_Task objective_.
Give back the listing in full and exactly, leaving out the images.

_Raw data_.
⁂

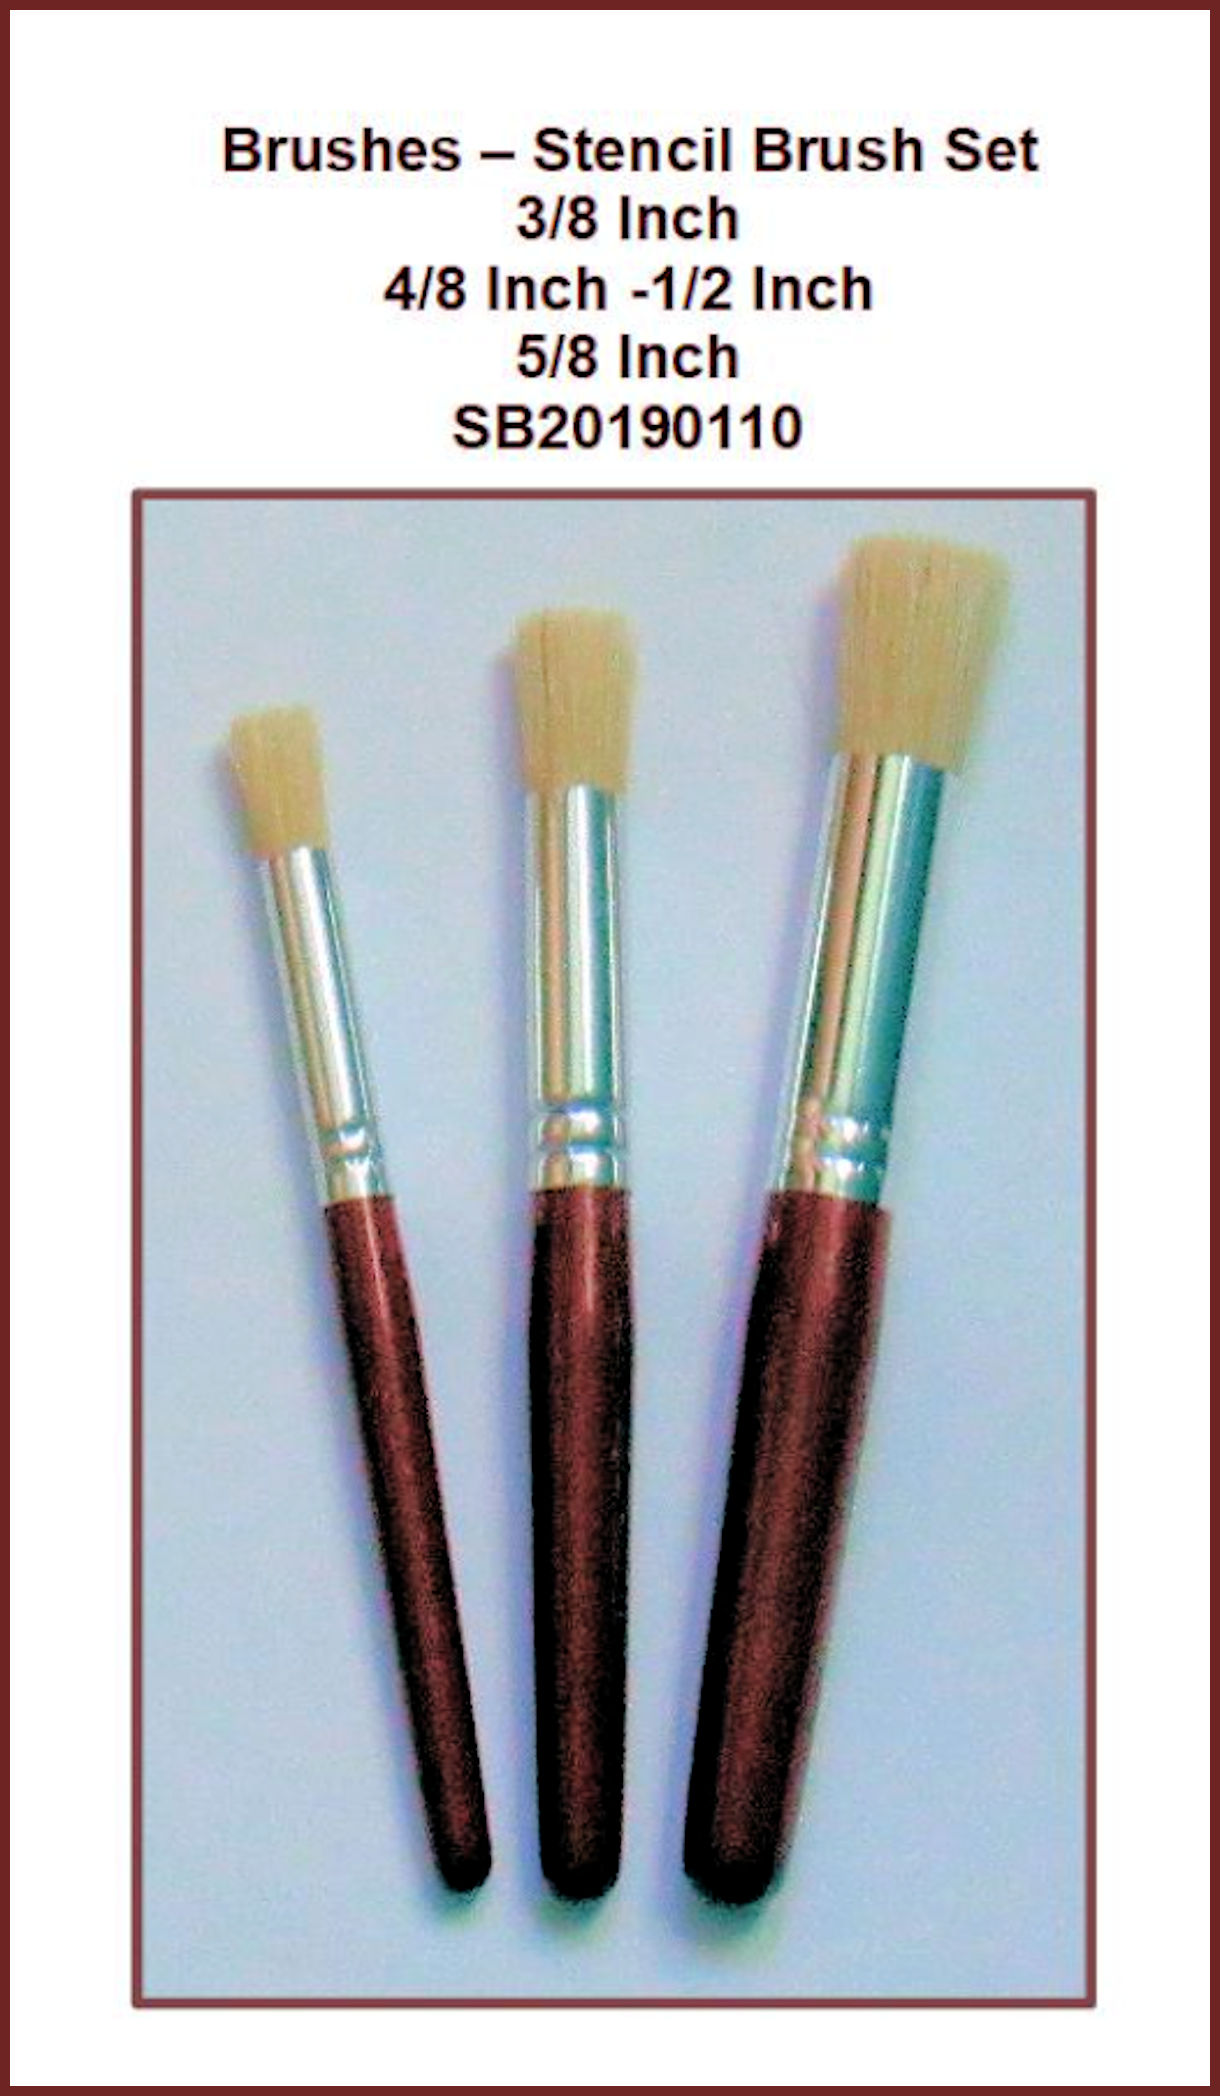 brushes-stencil-brush-set-sb20190110-boarder.jpg
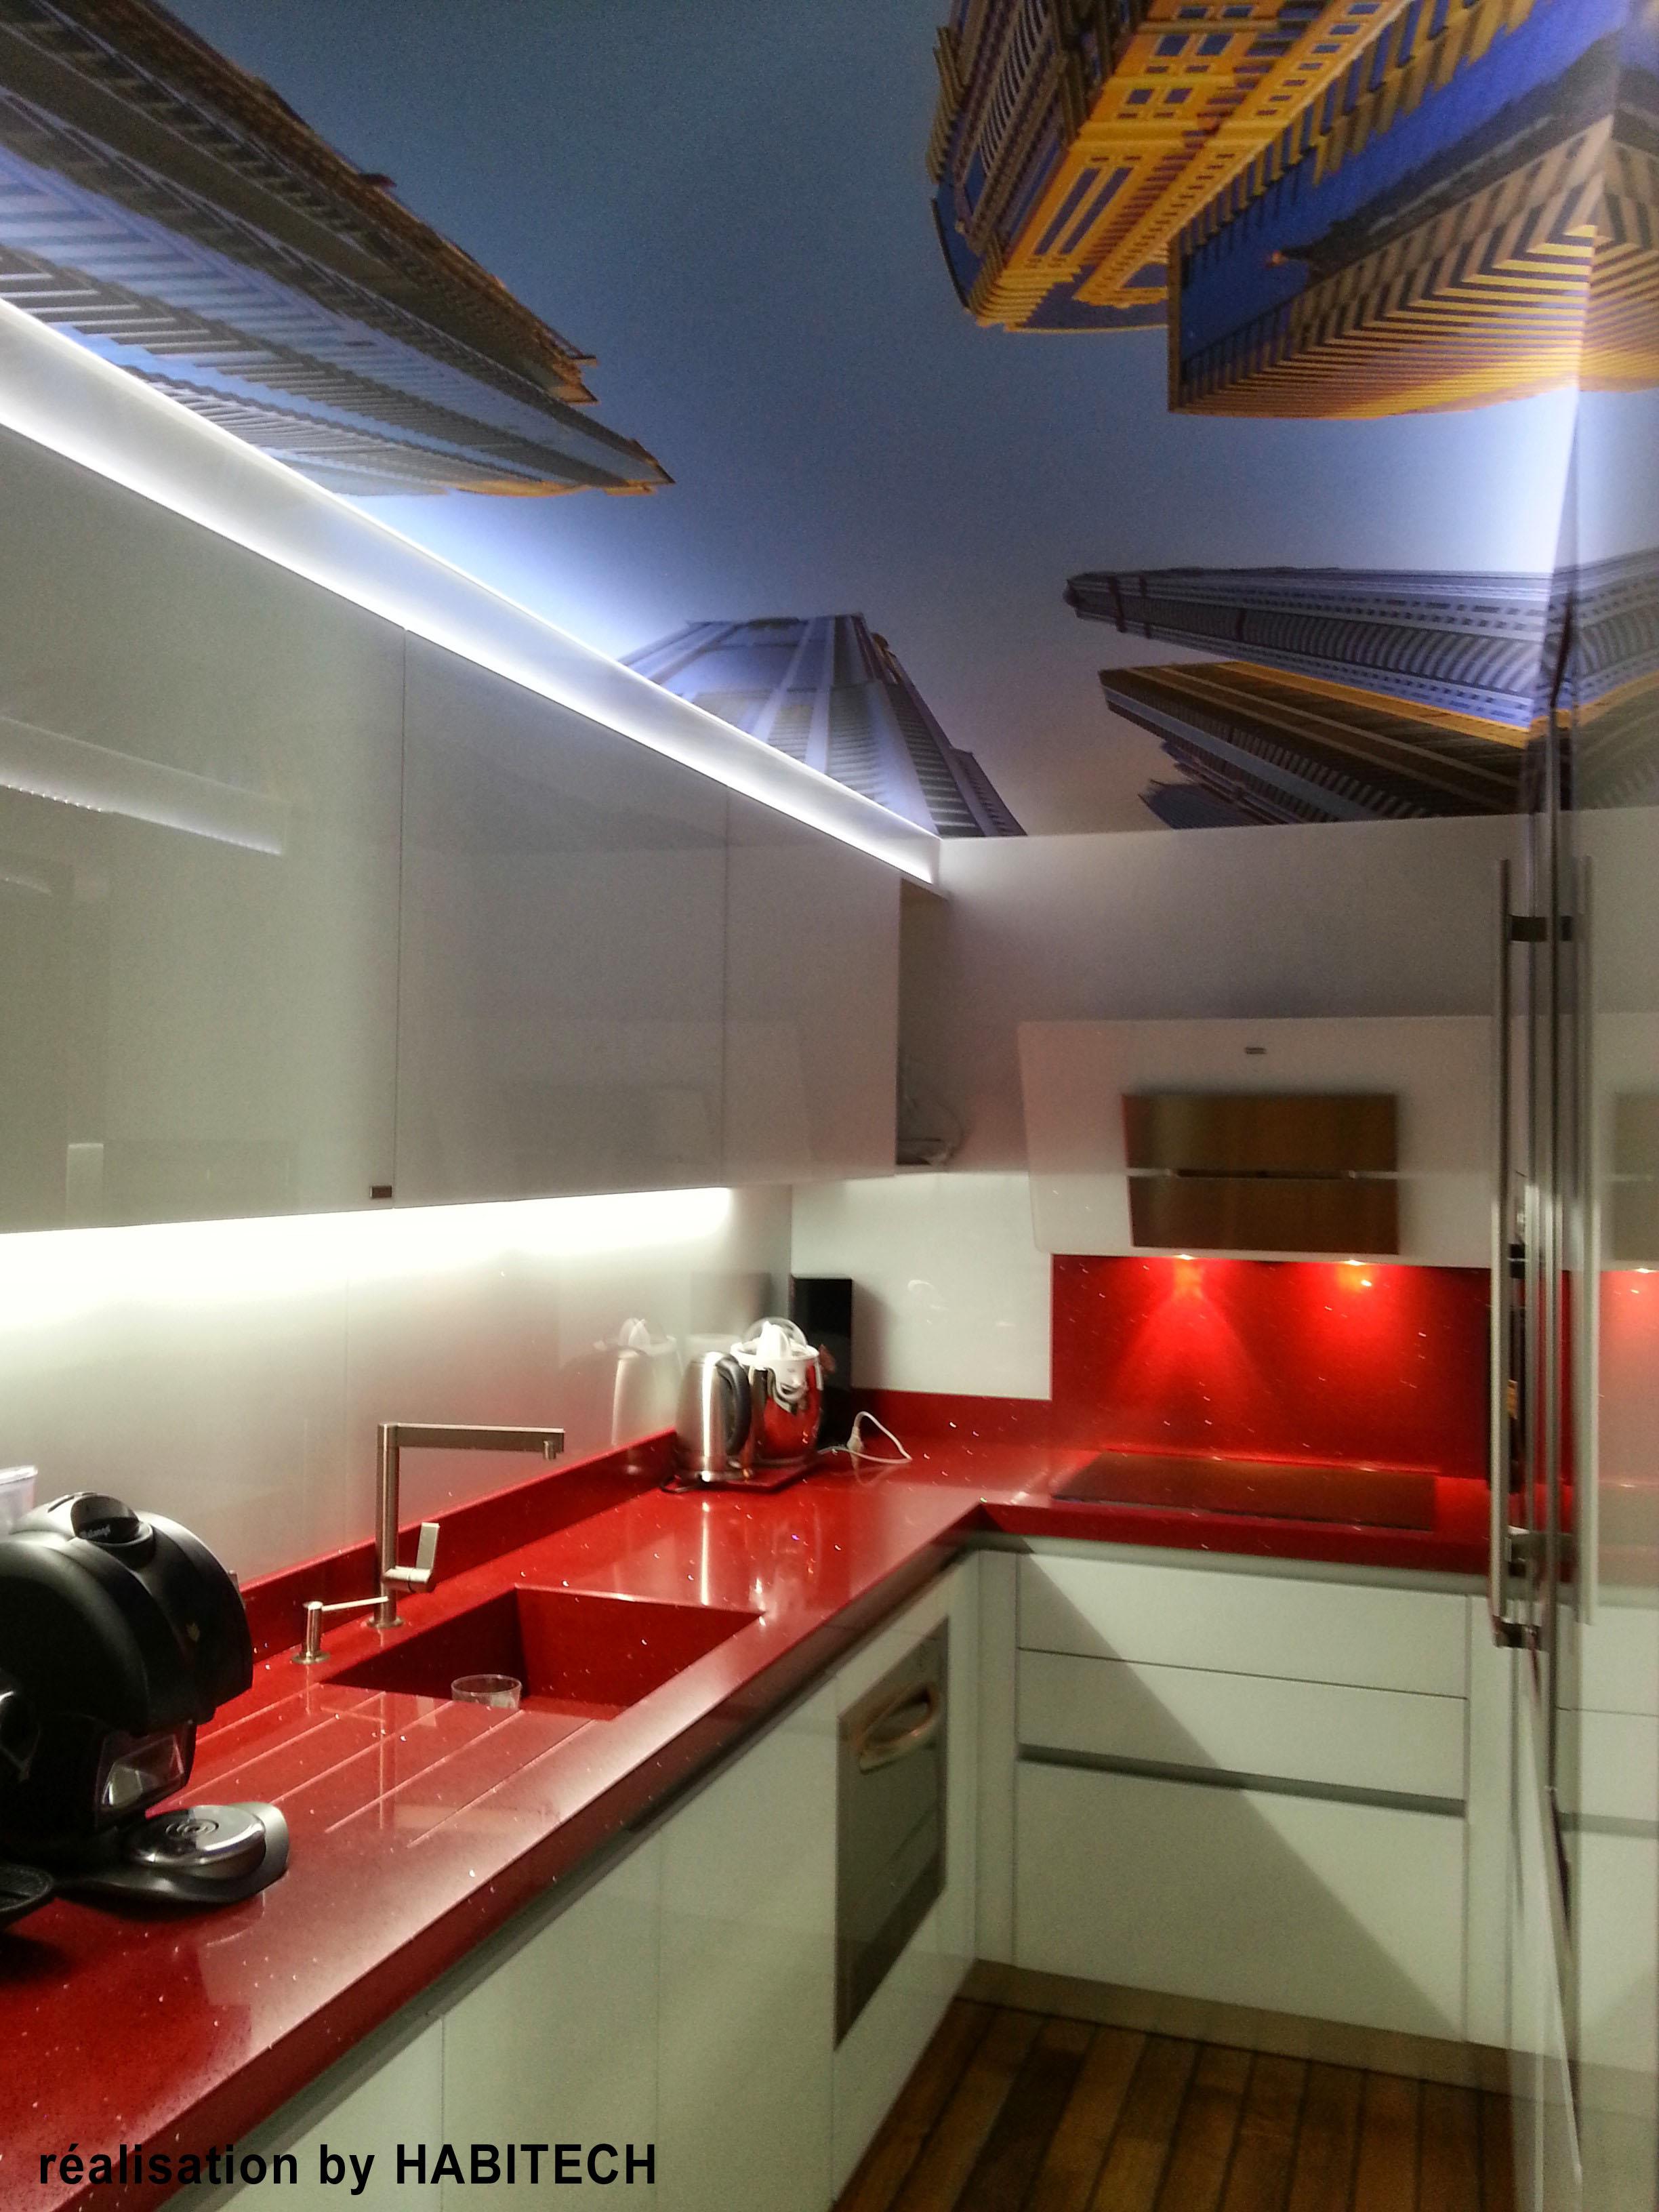 Piano de cuisson lacanche prix table de cuisine for Prix d un piano de cuisson
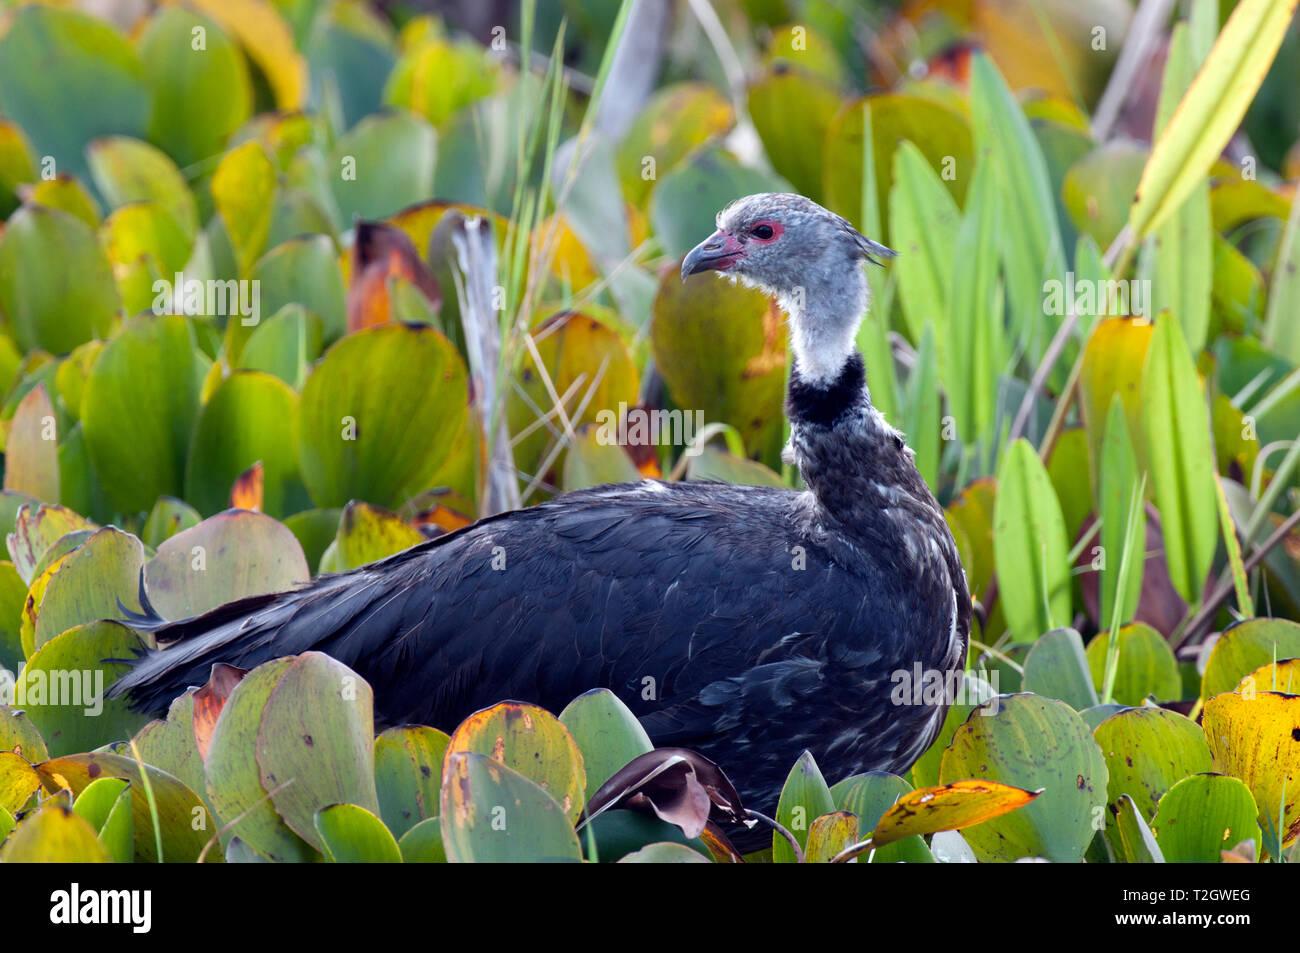 Southern screamer (Chauna torquata) in the Pantanal, Brazil - Stock Image
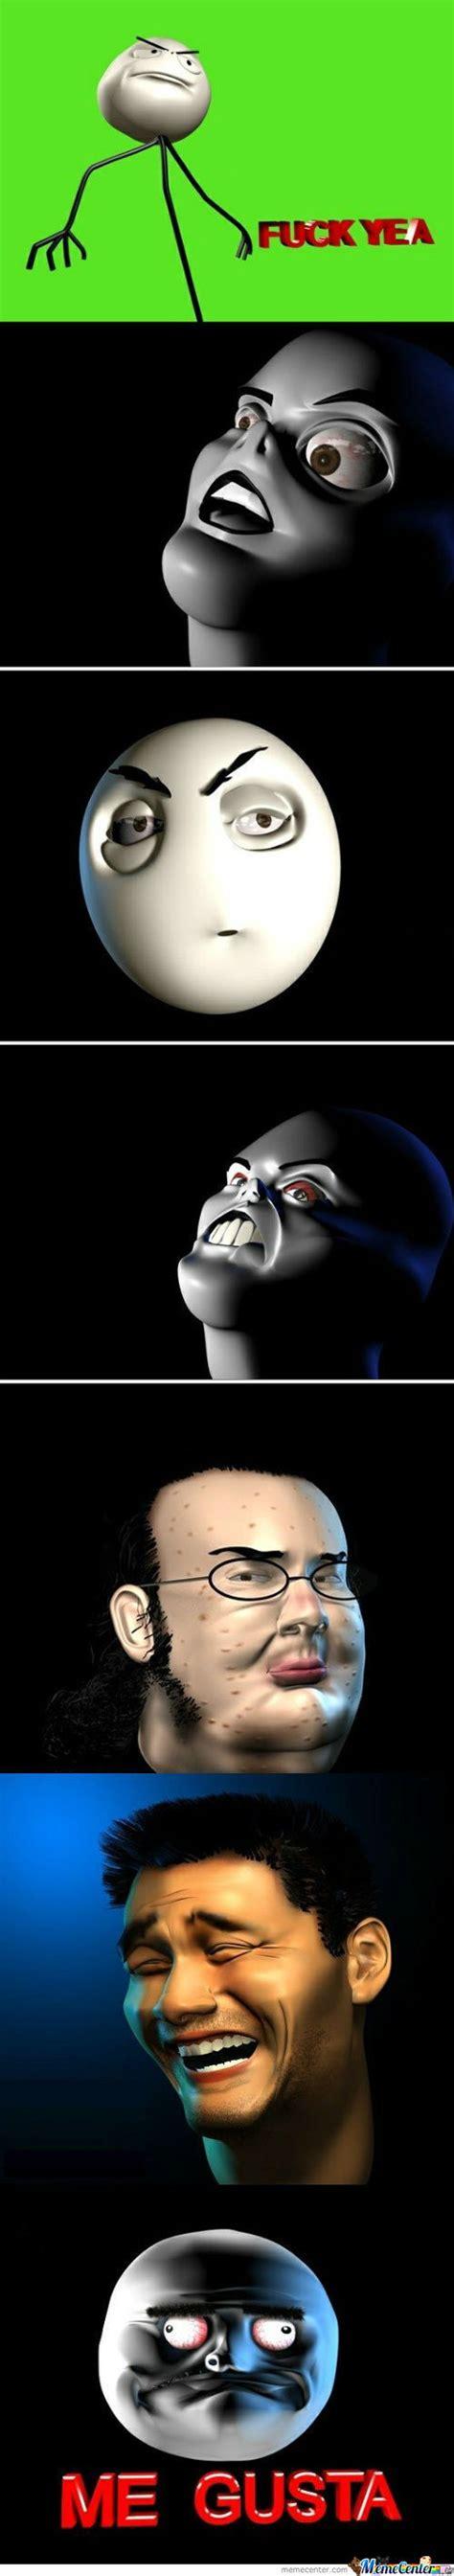 3d Meme - bitch please wow death knight face roll memes best

⁂

_Result below_.
 brushes-stencil-brush-set-sb20190110-boarder.jpg
 Piano de cuisson lacanche prix table de cuisine for Prix d un piano de cuisson
 Southern screamer (Chauna torquata) in the Pantanal, Brazil - Stock Image
 3d Meme - bitch please wow death knight face roll memes best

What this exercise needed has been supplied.